#### [What is expected]
Set down exactly the lines below between the line holding "Hamilton Beach 62650" and the line holding "Ferrari 512 BB", inclusive; no other line belongs in the answer.
Data section Block Start
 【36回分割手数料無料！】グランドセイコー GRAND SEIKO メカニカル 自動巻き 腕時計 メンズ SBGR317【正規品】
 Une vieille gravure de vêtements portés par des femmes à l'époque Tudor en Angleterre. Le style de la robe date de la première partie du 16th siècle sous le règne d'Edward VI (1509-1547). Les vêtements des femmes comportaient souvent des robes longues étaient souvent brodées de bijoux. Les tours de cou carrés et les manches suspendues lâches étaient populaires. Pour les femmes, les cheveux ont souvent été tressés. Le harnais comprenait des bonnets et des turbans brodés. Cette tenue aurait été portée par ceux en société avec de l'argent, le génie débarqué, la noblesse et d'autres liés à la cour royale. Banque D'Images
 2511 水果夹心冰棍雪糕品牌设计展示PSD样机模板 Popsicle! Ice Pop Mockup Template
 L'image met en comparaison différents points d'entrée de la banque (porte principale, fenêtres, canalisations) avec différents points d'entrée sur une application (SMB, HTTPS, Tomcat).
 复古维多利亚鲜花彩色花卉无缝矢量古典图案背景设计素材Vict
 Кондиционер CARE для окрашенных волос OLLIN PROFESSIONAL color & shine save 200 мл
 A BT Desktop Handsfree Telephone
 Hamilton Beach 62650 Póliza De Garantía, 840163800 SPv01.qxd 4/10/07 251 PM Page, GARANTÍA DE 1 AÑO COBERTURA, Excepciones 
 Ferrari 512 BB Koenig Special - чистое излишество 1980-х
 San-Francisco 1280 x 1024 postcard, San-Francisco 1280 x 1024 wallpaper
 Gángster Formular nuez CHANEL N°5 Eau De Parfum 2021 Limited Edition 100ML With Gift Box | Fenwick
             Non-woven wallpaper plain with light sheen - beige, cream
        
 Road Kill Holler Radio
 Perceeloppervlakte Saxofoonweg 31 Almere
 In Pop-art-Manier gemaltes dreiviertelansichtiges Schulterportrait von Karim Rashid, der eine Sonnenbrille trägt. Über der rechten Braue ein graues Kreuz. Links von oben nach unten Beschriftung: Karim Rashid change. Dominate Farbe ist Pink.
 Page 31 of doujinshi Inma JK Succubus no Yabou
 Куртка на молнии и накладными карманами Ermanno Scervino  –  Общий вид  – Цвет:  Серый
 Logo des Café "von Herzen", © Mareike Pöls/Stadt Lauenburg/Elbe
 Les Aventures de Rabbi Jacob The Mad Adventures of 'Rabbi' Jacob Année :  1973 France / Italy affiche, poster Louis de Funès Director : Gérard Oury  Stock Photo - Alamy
Data section Block End
#### [Answer to this exercise]
 Hamilton Beach 62650 Póliza De Garantía, 840163800 SPv01.qxd 4/10/07 251 PM Page, GARANTÍA DE 1 AÑO COBERTURA, Excepciones 
 Ferrari 512 BB Koenig Special - чистое излишество 1980-х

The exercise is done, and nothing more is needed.